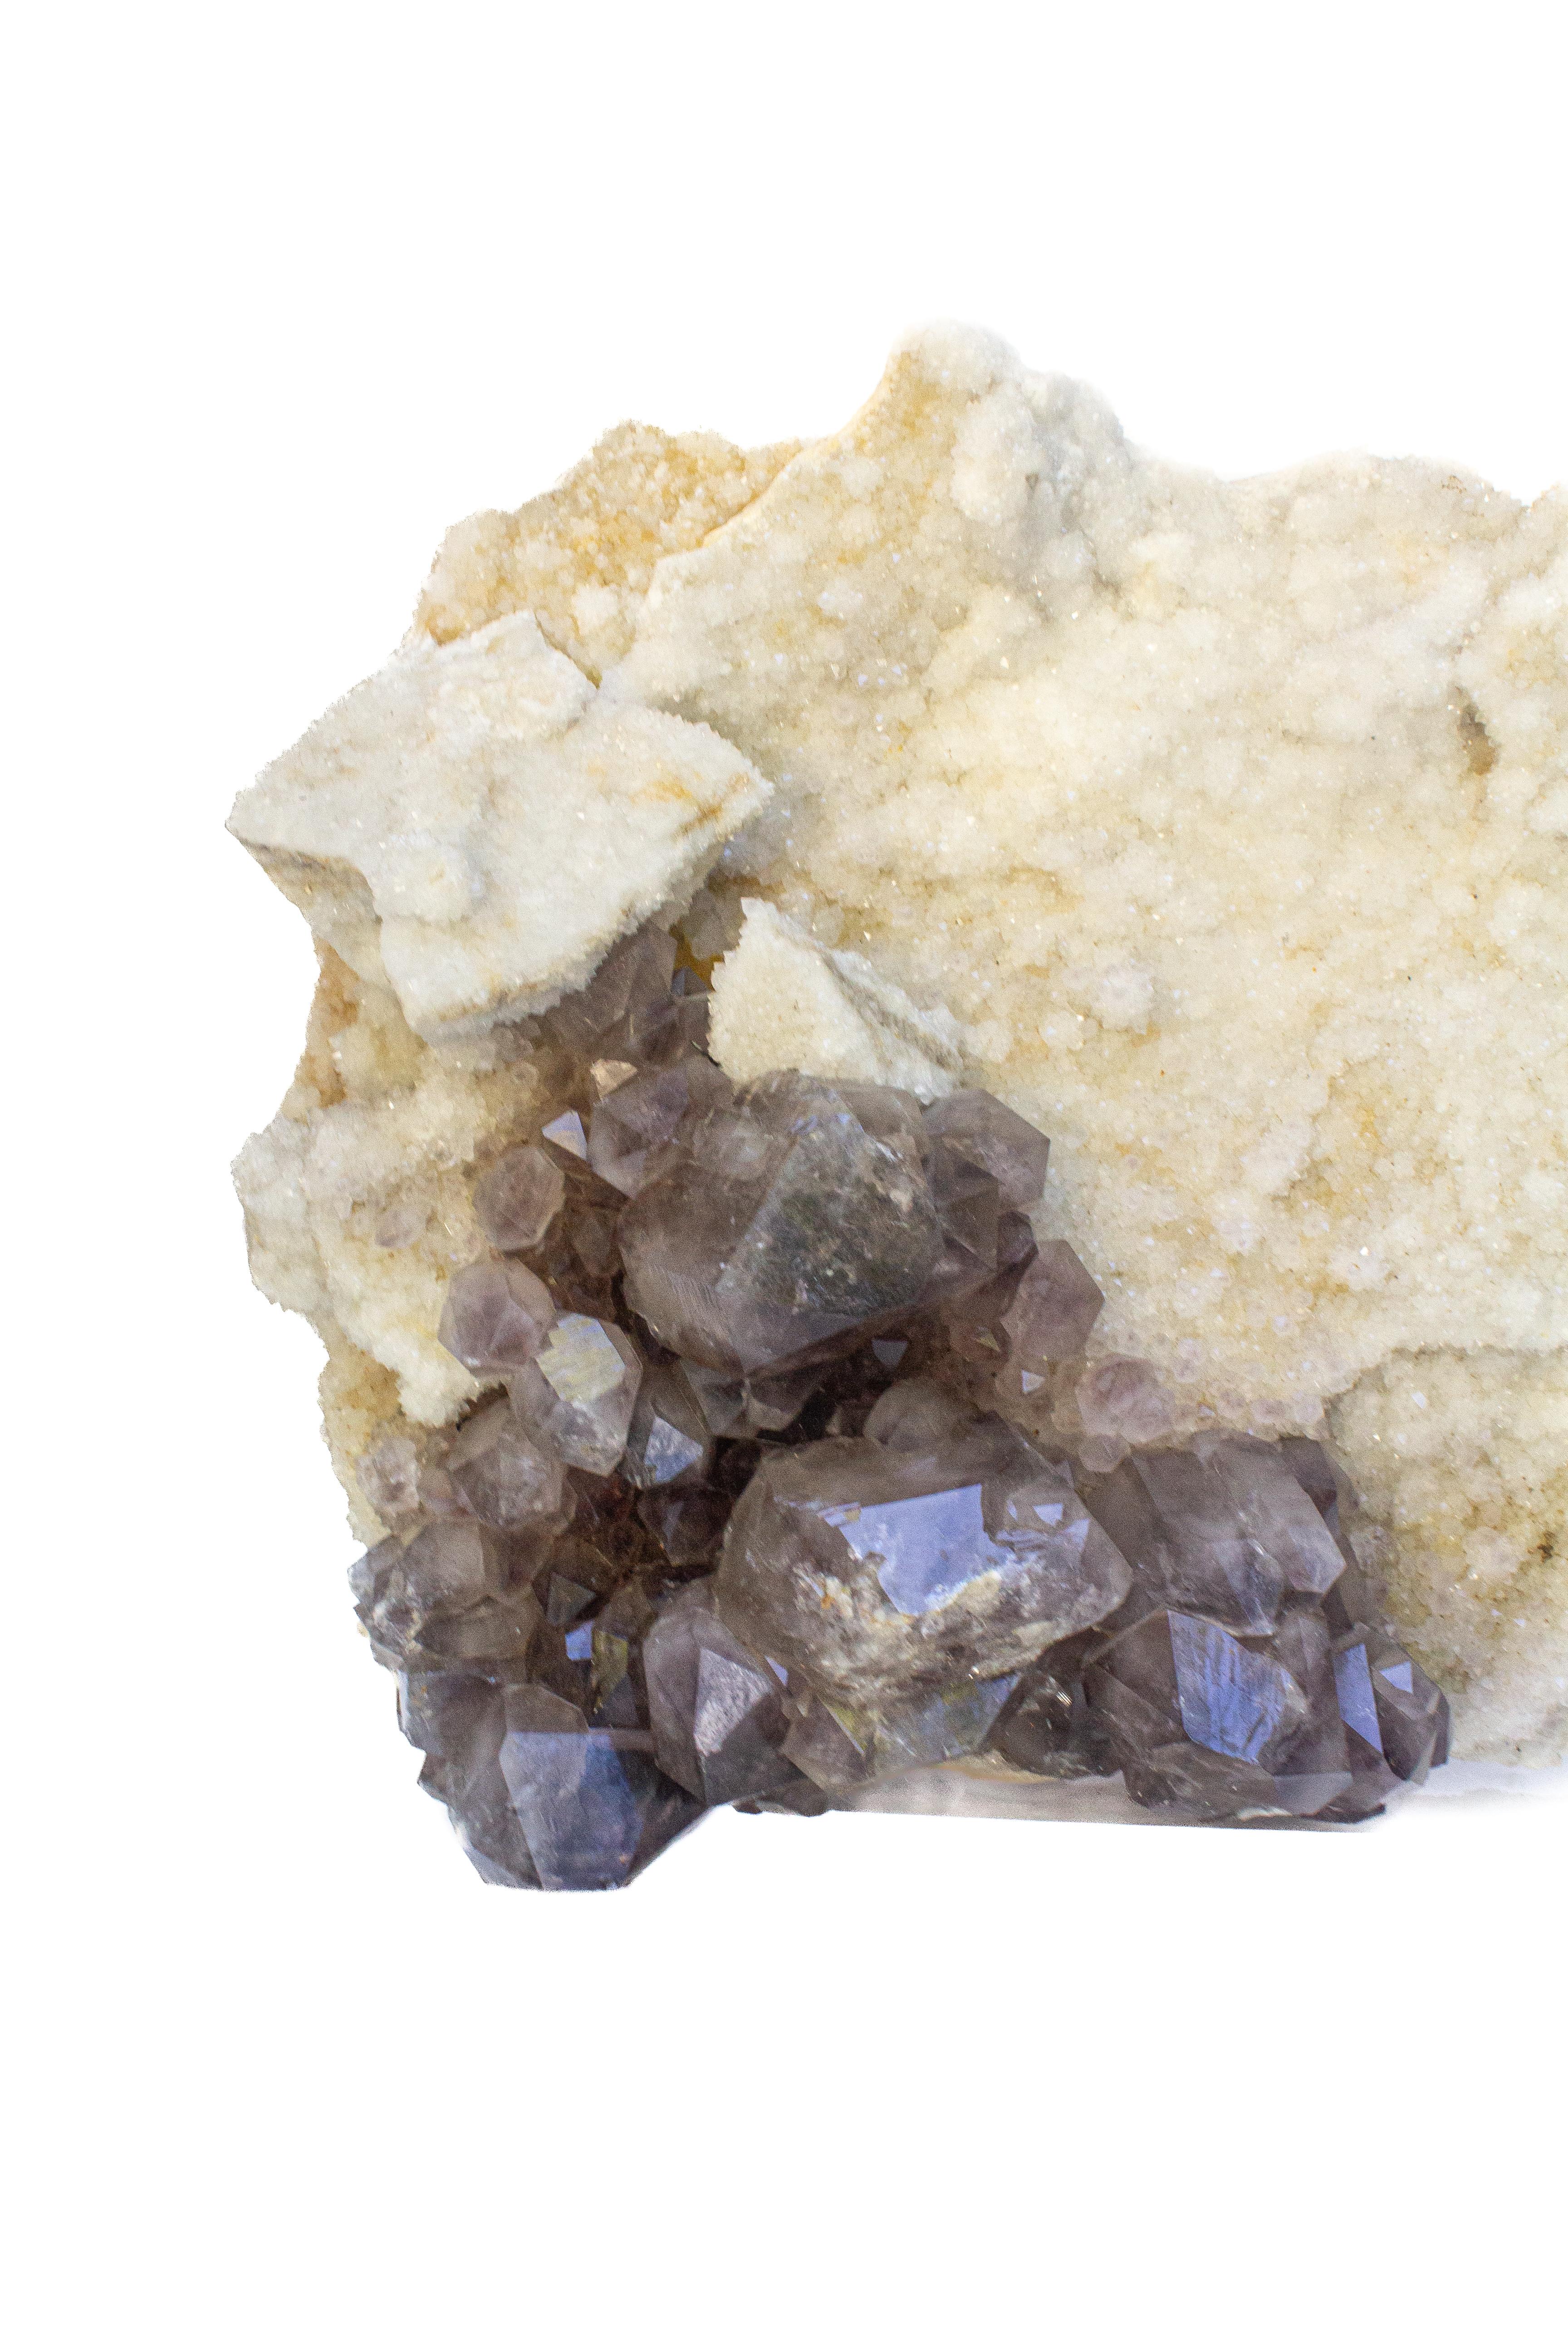 Großer Milchquarzkristall aus der Diamond Hill Mine, South Carolina, mit einer Überwucherung von Amethystkristallen. Die Amethystkristalle entstanden vor etwa 100 Millionen Jahren, nachdem sich die Milchquarzkristalle vor etwa 450 Millionen Jahren
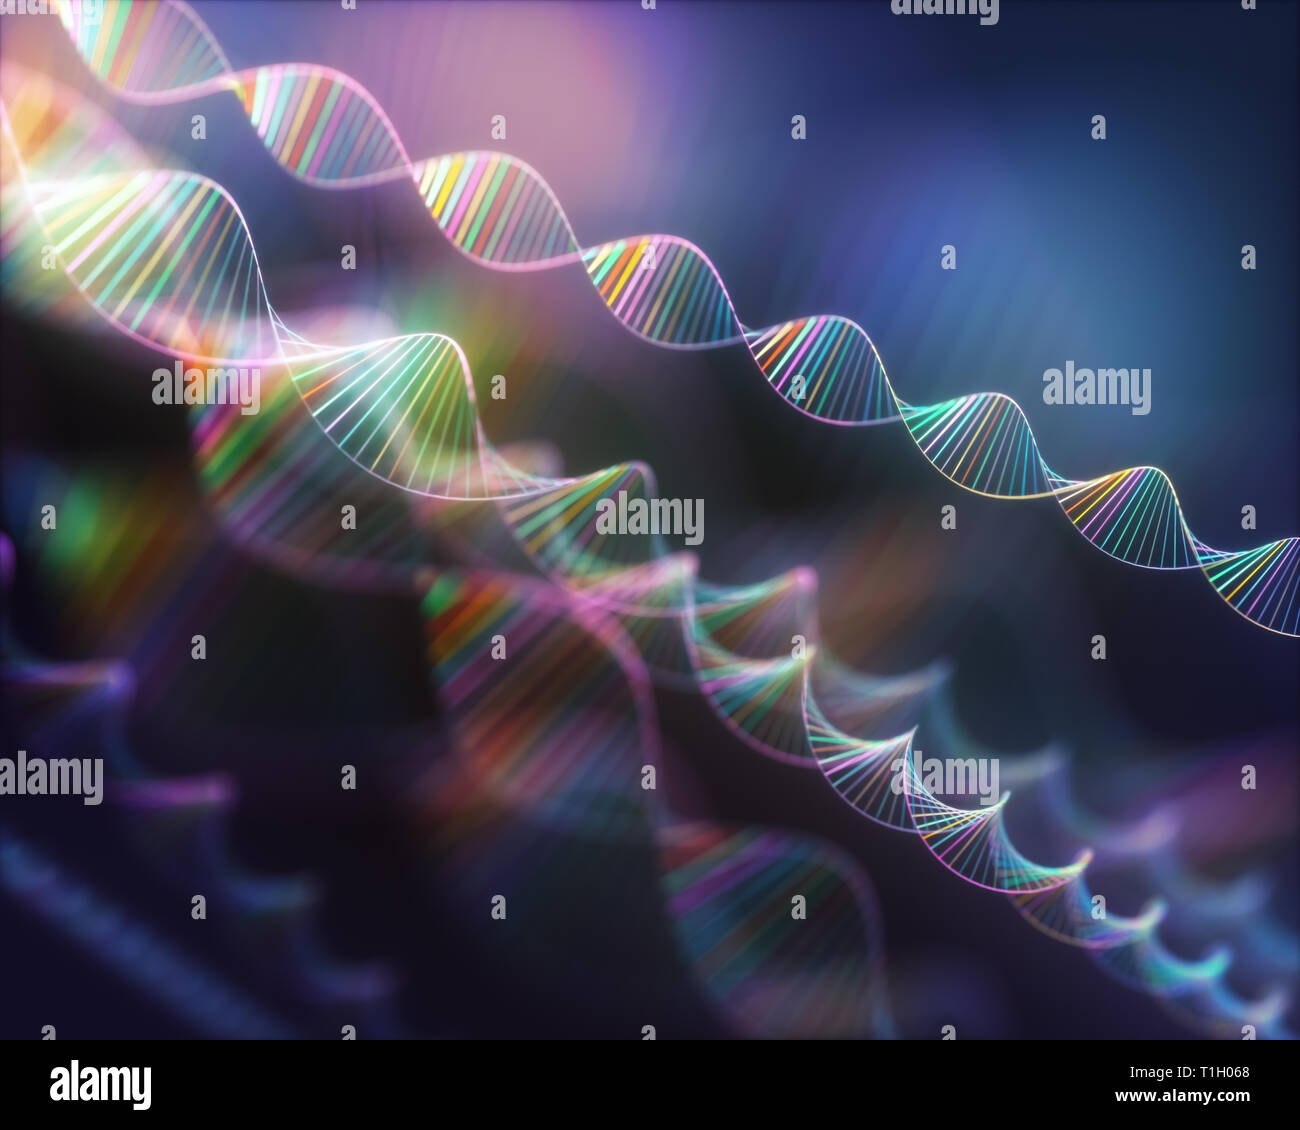 Bild von den genetischen Code der DNA. Konzept Bild für den Einsatz als Hintergrund. Farbige 3D-Darstellung. Stockfoto
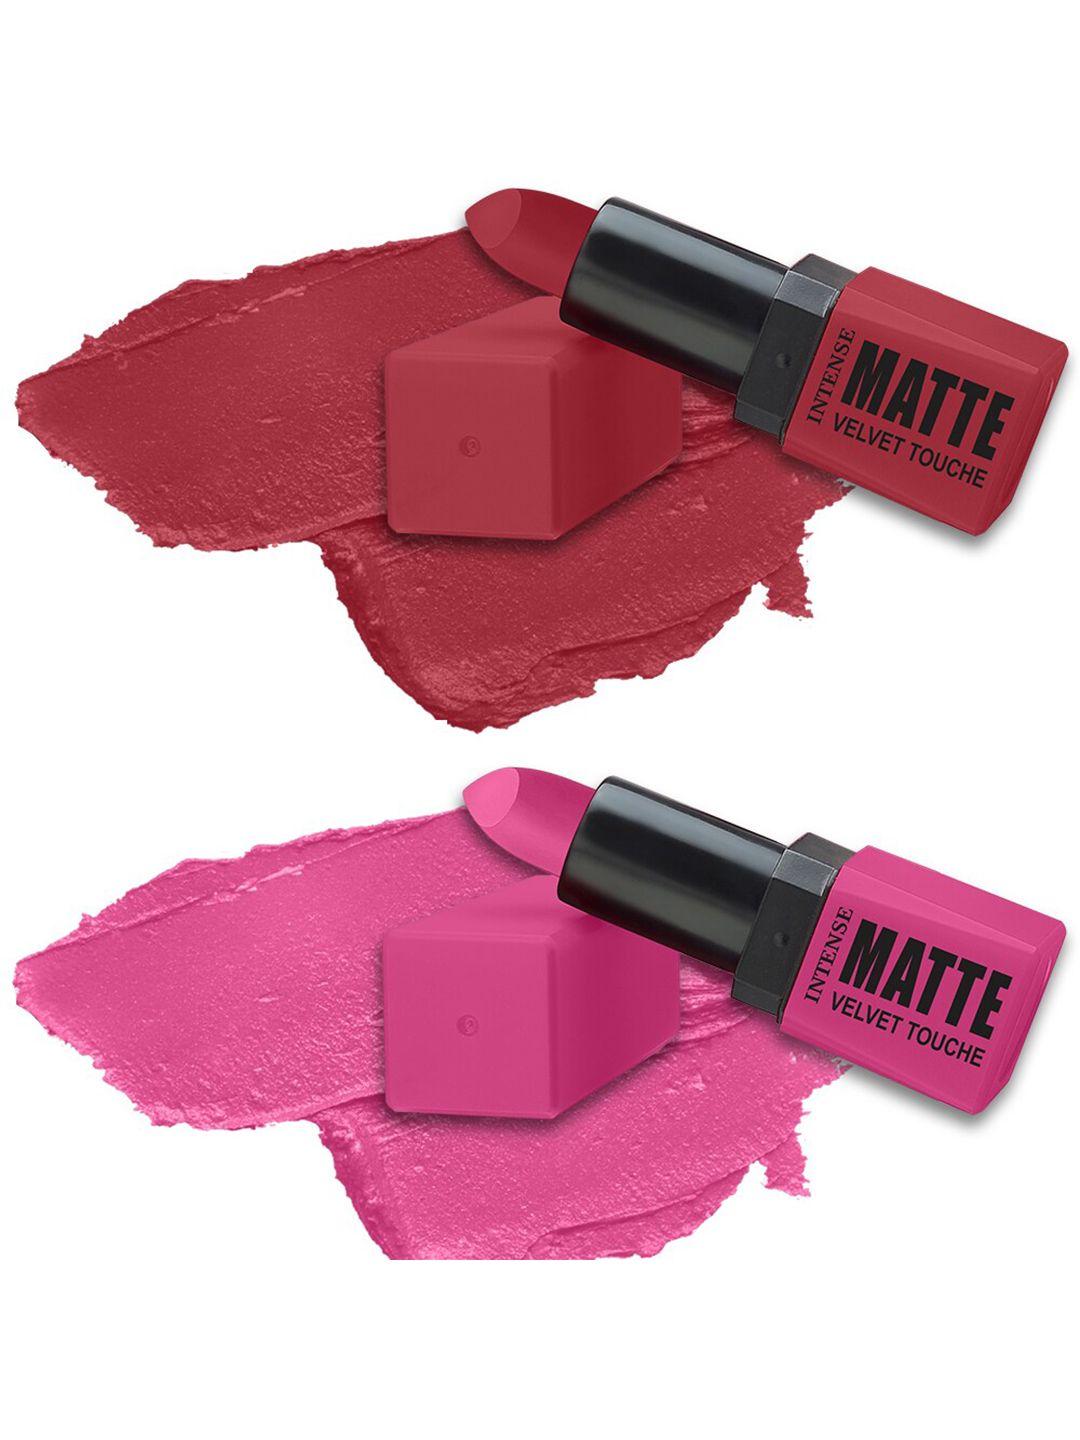 forsure-set-of-2-intense-matte-velvet-touche-long-lasting-lipsticks-3.5g-each---309-&-303
*****
Task requirements: All lines from the one containing "Bild von den" through the end of the data are to be written out exactly, with nothing added; skip the pictures.

Answer for this exercise:
 Bild von den genetischen Code der DNA. Konzept Bild für den Einsatz als Hintergrund. Farbige 3D-Darstellung. Stockfoto
 forsure-set-of-2-intense-matte-velvet-touche-long-lasting-lipsticks-3.5g-each---309-&-303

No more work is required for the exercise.